Gig economy

The gig economy and the COVID-19 pandemic have converged to create the most turbulent time in the employment space since the introduction of the Work Choices Act in 2006 and the Fair Work Act in 2009 (‘FWA’), which introduced a safety net for employees, including:

  • National Employment Standards;
  • Modern Awards;
  • National Minimum Wage;
  • The Fair Work Ombudsmen; and
  • The Fair Work Division in the Federal Court.

The last decade has seen the pendulum swing to a system where employees are afforded protections and flexibility. Unfortunately, the objectives and intentions of the system have, on occasion, led to misguided decisions and an inability for the system to adapt to new technologies and individual workplace flexibility.

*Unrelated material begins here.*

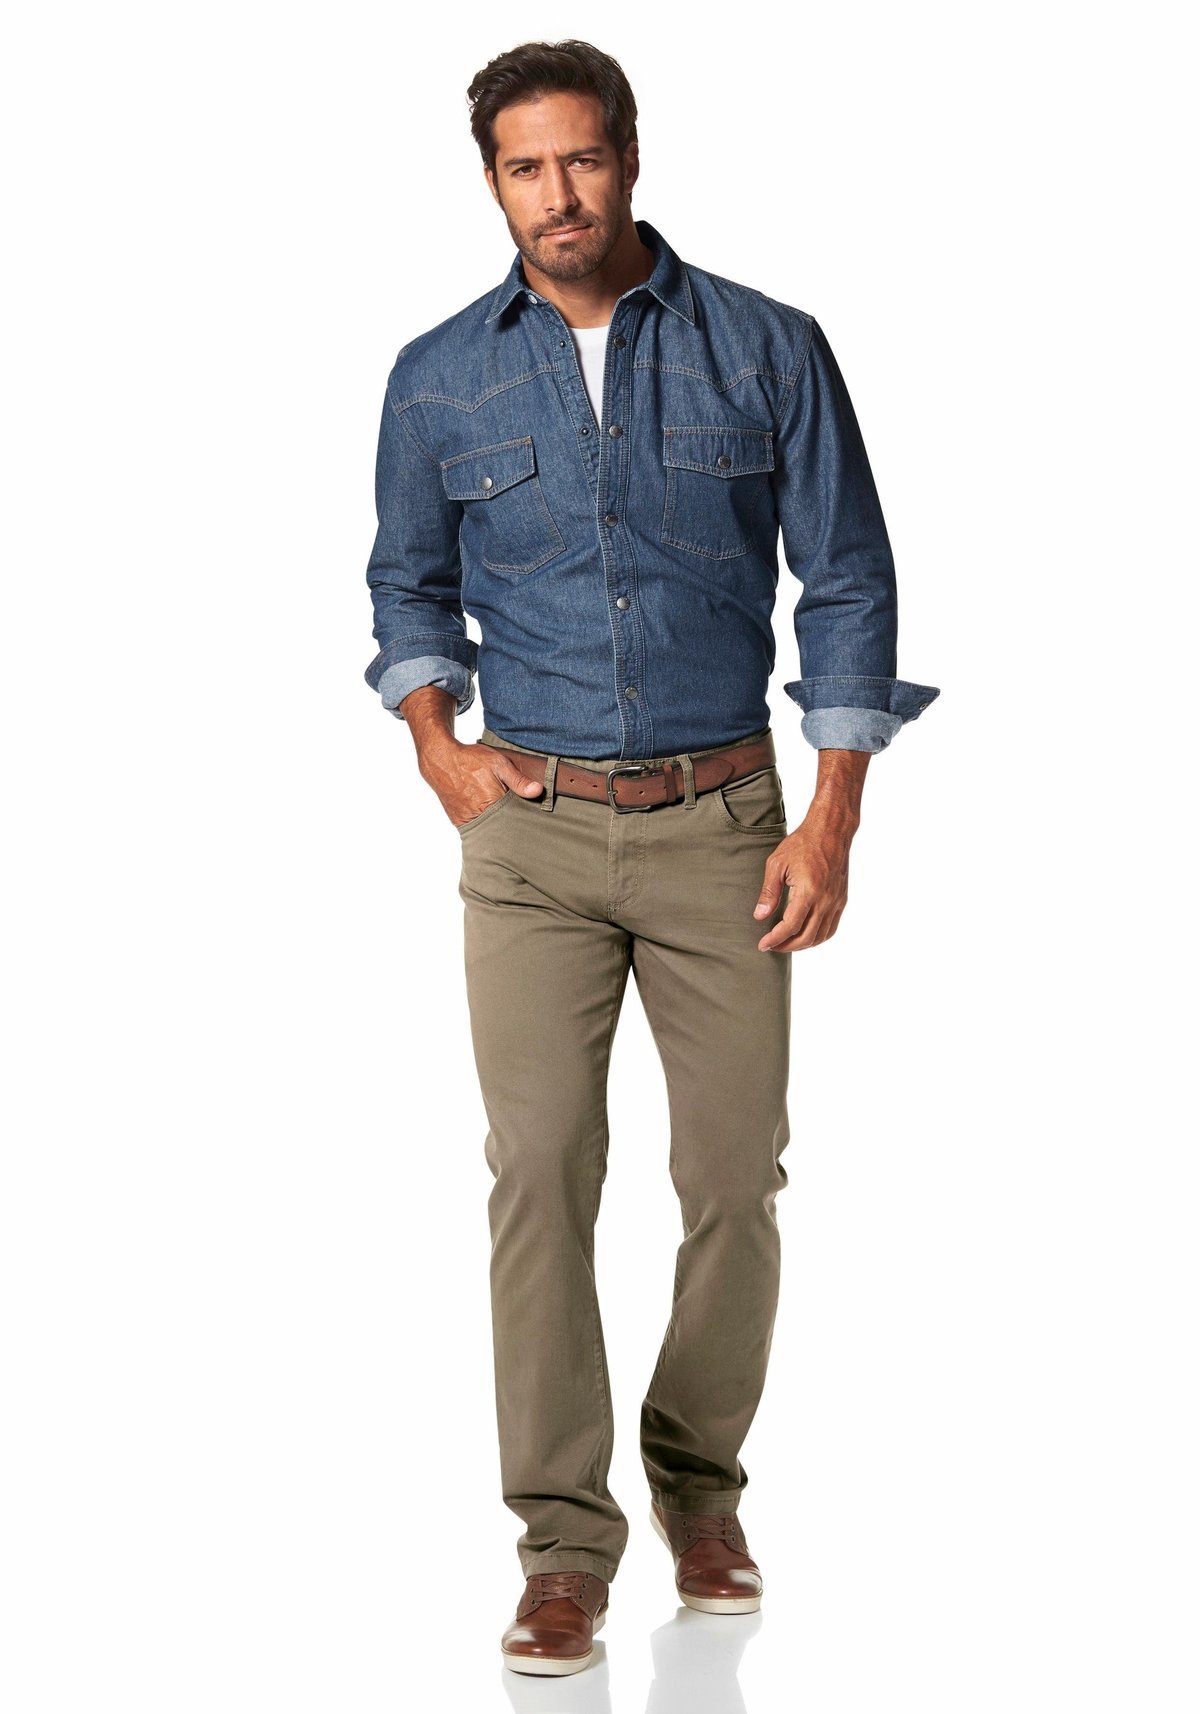 Стиль для мужчины 40. Повседневная одежда для мужчин. Мужская одежда джинсы и рубашки. Повседневная одежда для мужчин 50 лет. Мужчина в джинсах и рубашке.

Casual Employees – Is Casual Now Truly Casual?
A prime example of the shift in favour towards employees  is the decision by the Full Court of the Federal Court of Australia (‘Federal Court’) in Workpac Pty Ltd v Rossato [2020] FCAFC 84 (‘Rossato’). In this case, the Federal Court found that whilst Workpac’s employee, Mr Rossato, was employed as a casual employee and paid causal loading, he could not be deemed a ‘casual employee’ and was entitled to accrue annual compassionate and personal (sick) leave. The Federal Court reasoned that Mr Rossato’s employment arrangements, including long-term and constant rosters, operated in a way that indicated a ‘firm advance commitment’ to continuing employment, and regard had to be had to the ‘entirety of the employment relationship’, rather than simply the casual capacity which was stipulated in his contract.[1]

This decision sent shock waves through employer groups, setting a precedent on the nature of casual employment that refuted the understood position that an employee, employed as a casual under a contract, award, or enterprise agreement was to be deemed a casual for all purposes.

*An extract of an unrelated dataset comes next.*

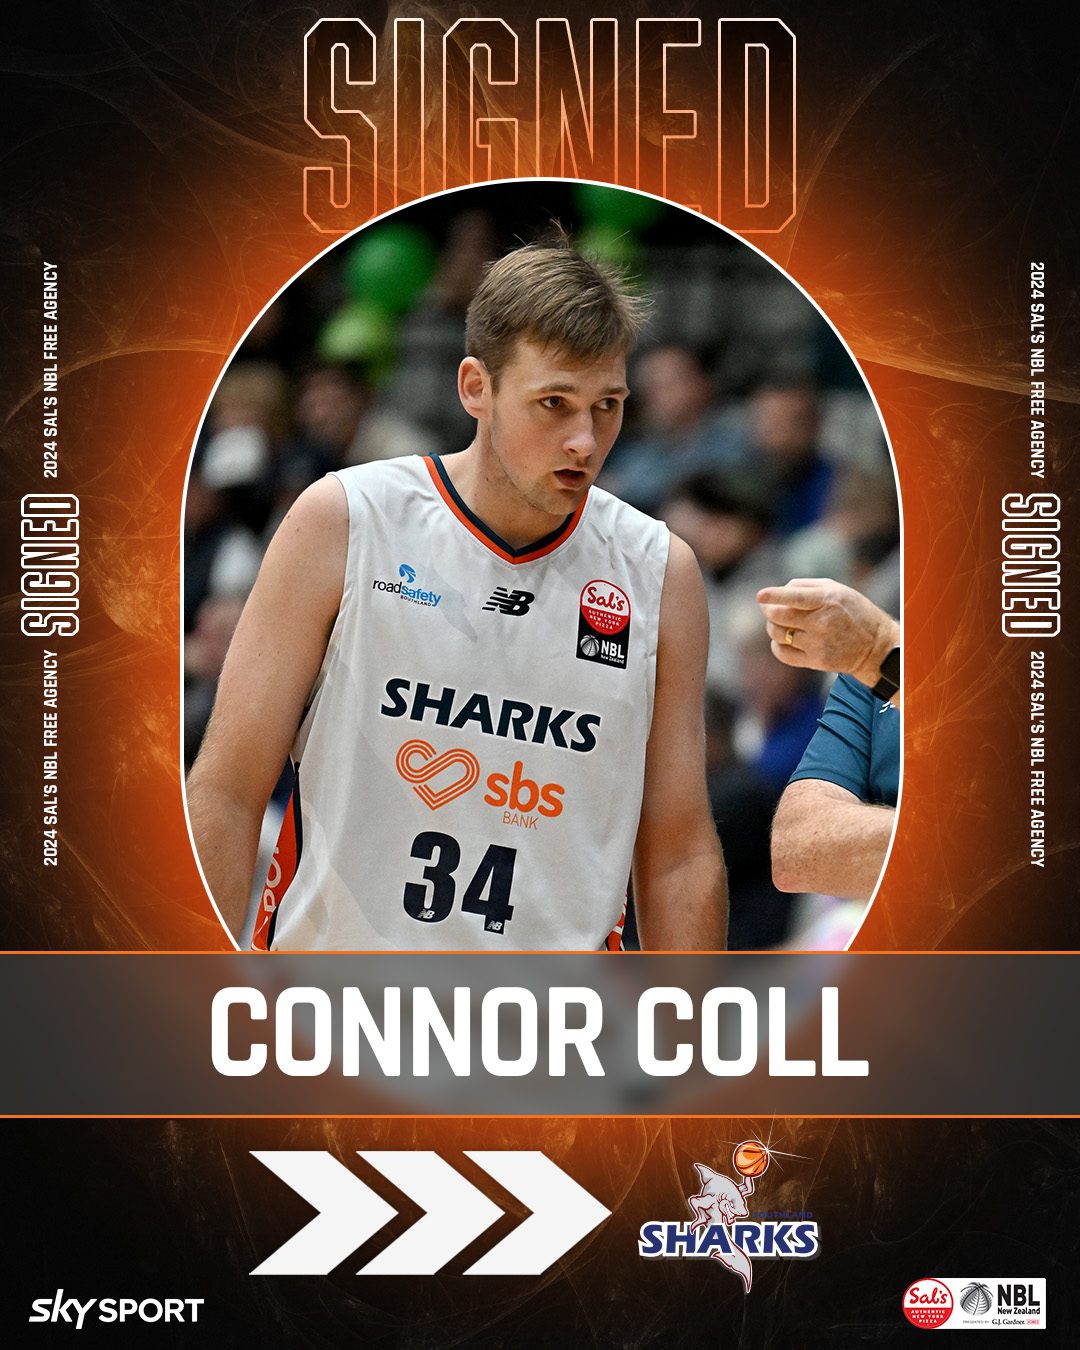 Connor Coll

In August 2021, the High Court of Australia (‘High Court’) unanimously overturned the Federal Court’s Rossato decision, determining that Mr Rossato was a casual employee and was not entitled to the claimed entitlements. The majority of the High Court found that the assessment as to whether there is a ‘firm advance commitment’ to ongoing work, and subsequently the characterisation of employment capacity, should be determined by the terms of applicable contracts in cases where parties have committed the terms of employment to a written contract.[2] In layman’s terms, the High Court found that employers and employees should rely on the agreement and the contract that they entered.

Interestingly, the Fair Work Commission (‘FWC’) Vice President commented that the High Court’s Rossato decision has thrown him “into some confusion over the state of the law, especially in the way that this affects the longstanding employment tests in sham contracting”. [3]

Contractors – What is a Sham and What is Reasonable?
As a result of the High Court Rossato decision, the FWC has delayed its highly anticipated ruling on whether Deliveroo riders are classified as employees or independent contractors.[4]

The High Court’s ruling in Rossato has created confusion around the longstanding test relied on when looking at sham contracting to determine whether a worker is classified as an employee or a contractor.

The current position of the High Court reflects significant shifts in the employment relationship and calls into question the fundamental principles of contracting and sham contracting outlined in the seminal judgment (now over 20 years old) of Hollis v Vabu Pty Ltd (2001) 207 CLR 21. In this case, the High Court emphasised the importance of looking to the totality of the employment relationship to determine employment status.

The upshot of the current decision is that proper weight is likely be given to the substance of the agreement between companies and their contractors, not only in the gig economy but also on broader footing by businesses at large. The High Court has sent out a warning that the casual employment and contractor spaces require certainty and clarity.

However, the previous criteria listed in this table from the Fair Work Ombudsman.[5], will still have bearing upon whether a contractor is truly independent.

Employers may take some comfort in the High Court’s recent decision in respect to the employment space. There has been a tendency by the Federal Court to depart from traditional legal reasoning, adopting a different interpretation to employment law disputes in an attempt to separate them from common law contractual principles.

This has created confusion, as the pendulum has swung in favour of the employee. What is required is for employers to be able to rely on a concrete, orthodox, common-law approach in negotiating and contracting with their employees. Implied terms and subjective legislative interpretations by the judiciary only confuse what should be a stable and transparent system, where both employees and employers can work within an accepted paradigm.

If the High Court intends to create a clearer and less litigious labour environment, the decision in Rossato can only be an improvement.


[1] [2020] FCAFC 84, [50]-[54].
[2] WorkPac v Rossato & Ors [2021] HCA 23 [57].
[3] David Marin-Guzman, ‘Gig economy case delayed as High Court shakes up employment test’, Australian Financial Review (13 August 2021) https://www.afr.com/work-and-careers/workplace/gig-economy-case-delayed-as-high-court-shakes-up-employment-test-20210813-p58ijh
[4] David Marin-Guzman, ‘Gig Economy’, Australian Financial Review (14 August 2021) 2.